GPU-Based Homotopy Continuation for Minimal Problems in Computer Vision

TL;DR

This paper demonstrates that GPU-accelerated Homotopy Continuation significantly speeds up solving complex polynomial systems in computer vision, enabling efficient solutions to problems previously limited by traditional methods.

Contribution

The paper introduces a GPU-based parallelization of Homotopy Continuation, achieving up to 26x speedup and applying it to complex vision problems beyond traditional elimination methods.

Findings

GPU-HC achieves up to 26x speedup on benchmarks.

GPU-HC successfully solves complex vision problems like 4-view triangulation.

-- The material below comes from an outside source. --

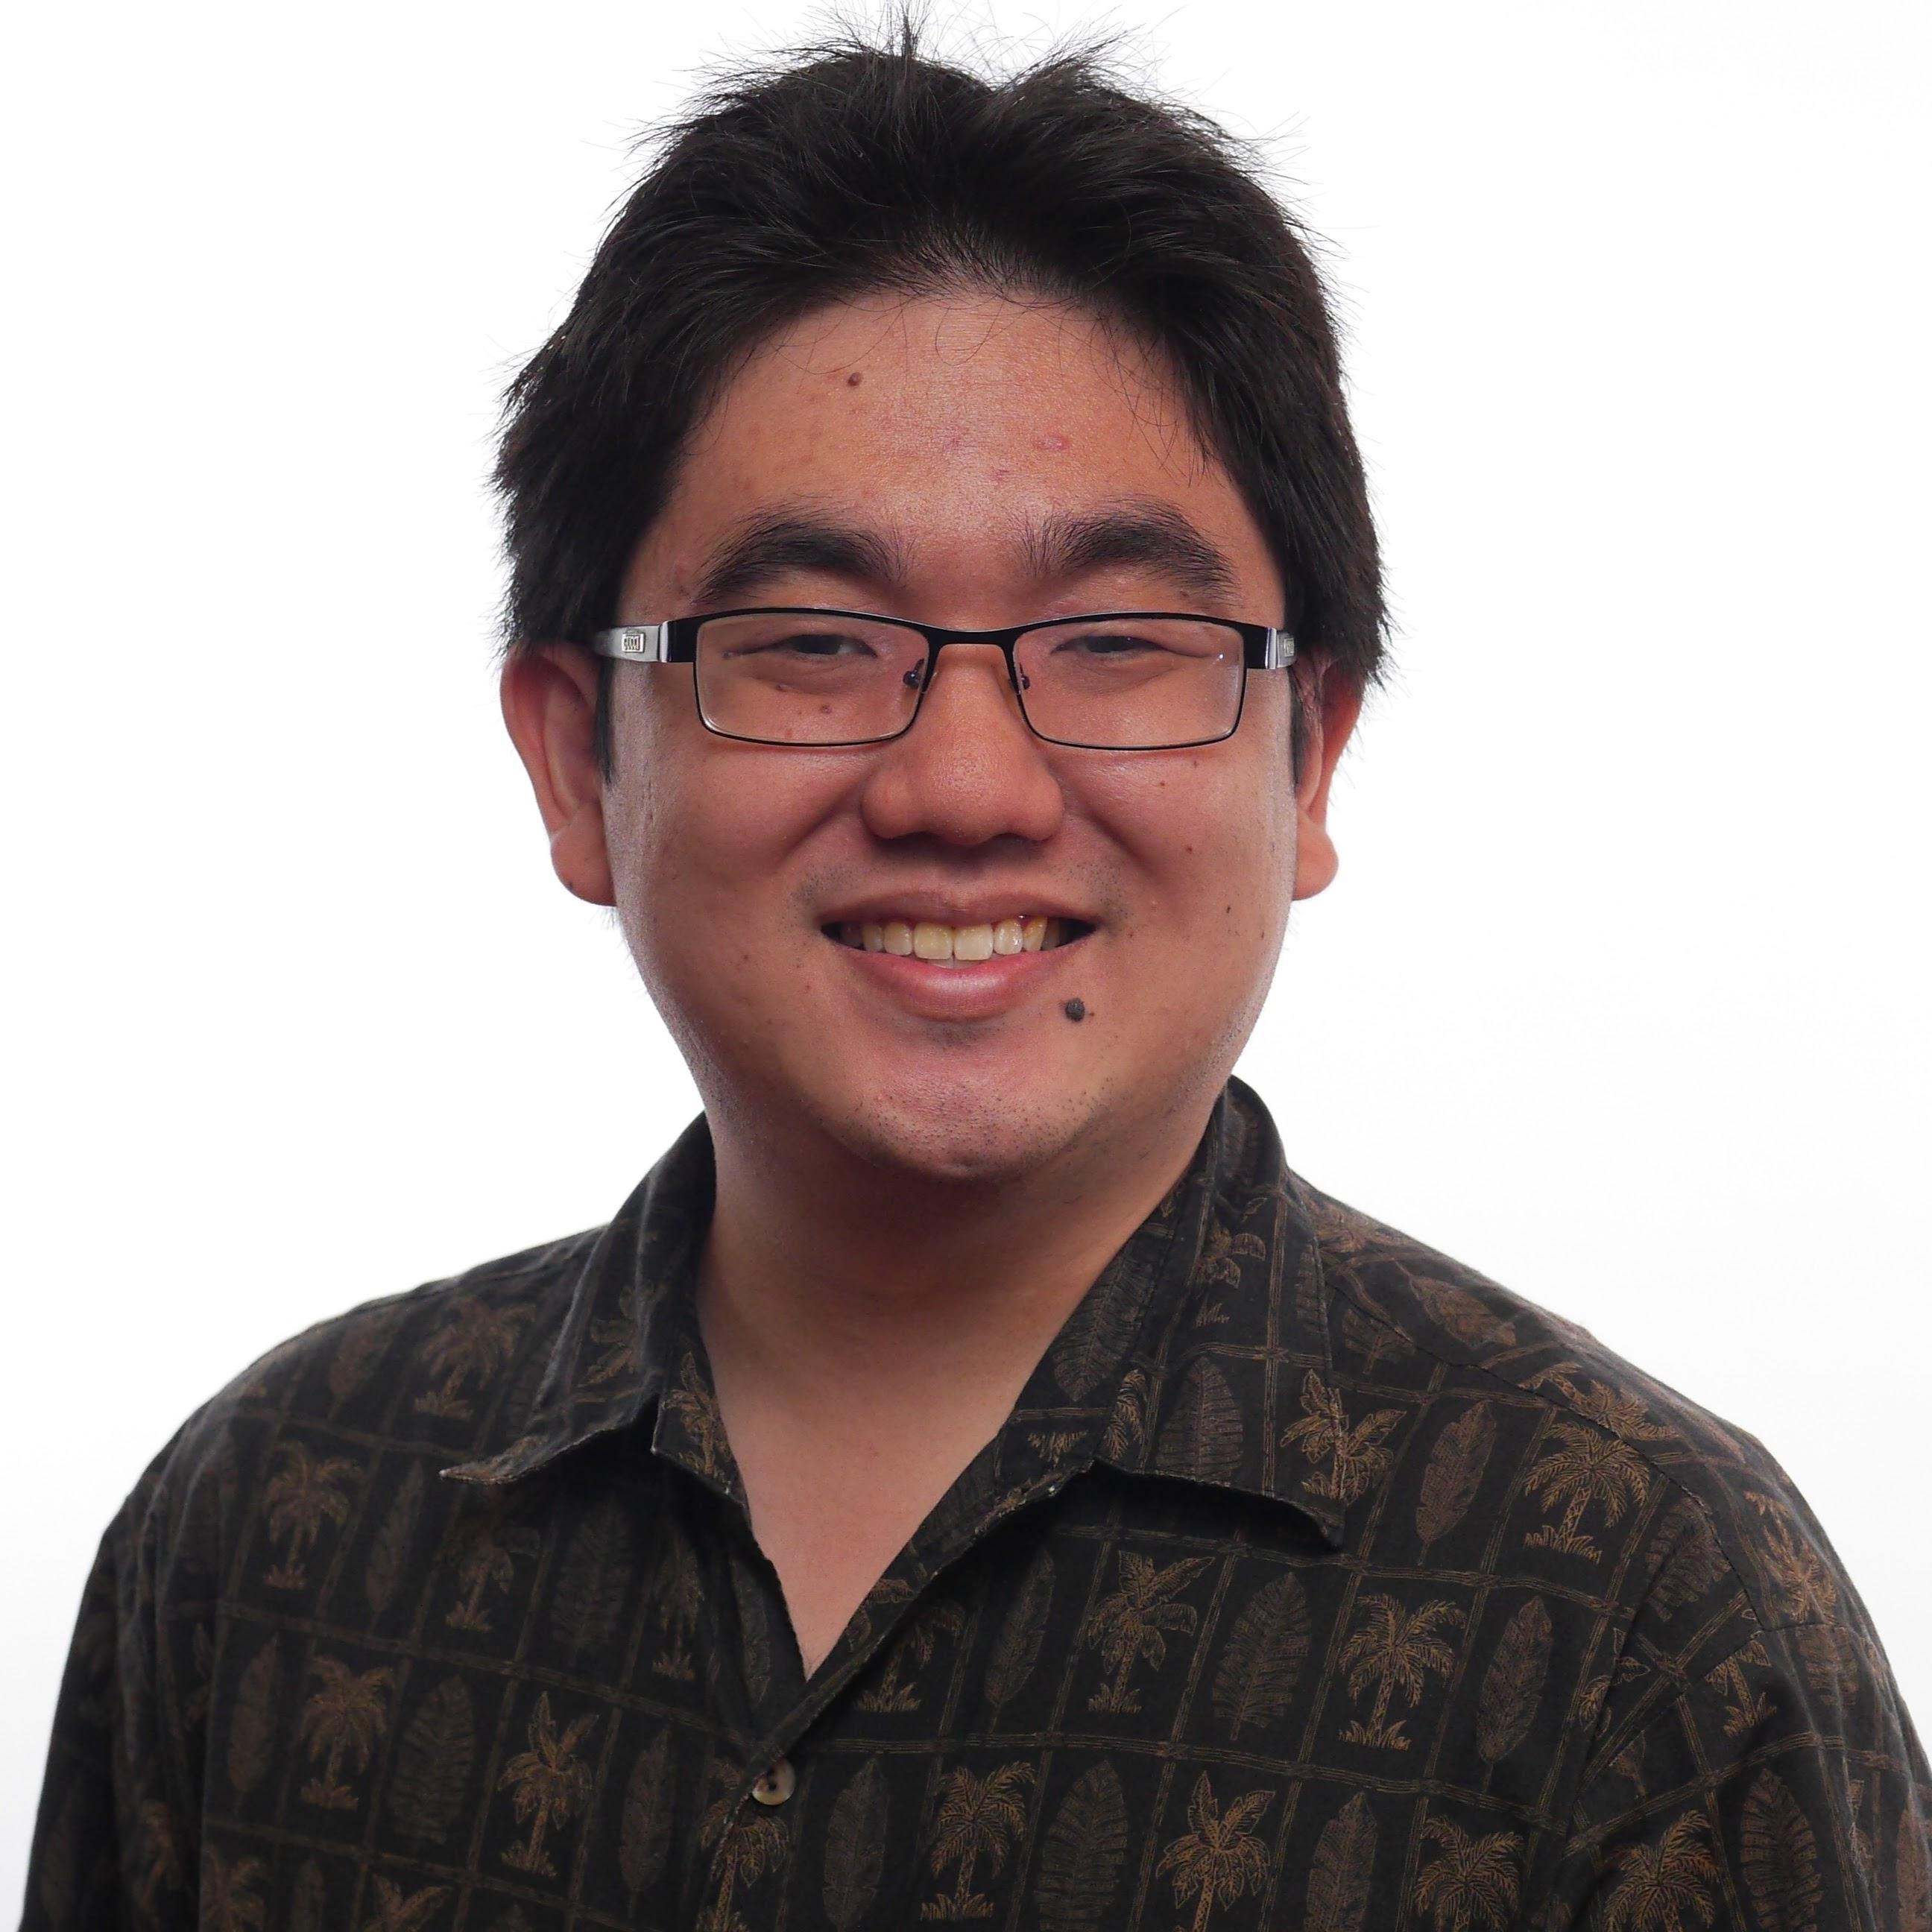 David Yamashiro

Homotopy Continuation can be effectively parallelized on GPU for computer vision.

Abstract

Systems of polynomial equations arise frequently in computer vision, especially in multiview geometry problems. Traditional methods for solving these systems typically aim to eliminate variables to reach a univariate polynomial, e.g., a tenth-order polynomial for 5-point pose estimation, using clever manipulations, or more generally using Grobner basis, resultants, and elimination templates, leading to successful algorithms for multiview geometry and other problems. However, these methods do not work when the problem is complex and when they do, they face efficiency and stability issues. Homotopy Continuation (HC) can solve more complex problems without the stability issues, and with guarantees of a global solution, but they are known to be slow. In this paper we show that HC can be parallelized on a GPU, showing significant speedups up to 26 times on polynomial benchmarks. We also show that GPU-HC can be generically applied to a range of computer vision problems, including 4-view triangulation and trifocal pose estimation with unknown focal length, which cannot be solved with elimination template but they can be efficiently solved with HC. GPU-HC opens the door to easy formulation and solution of a range of computer vision problems.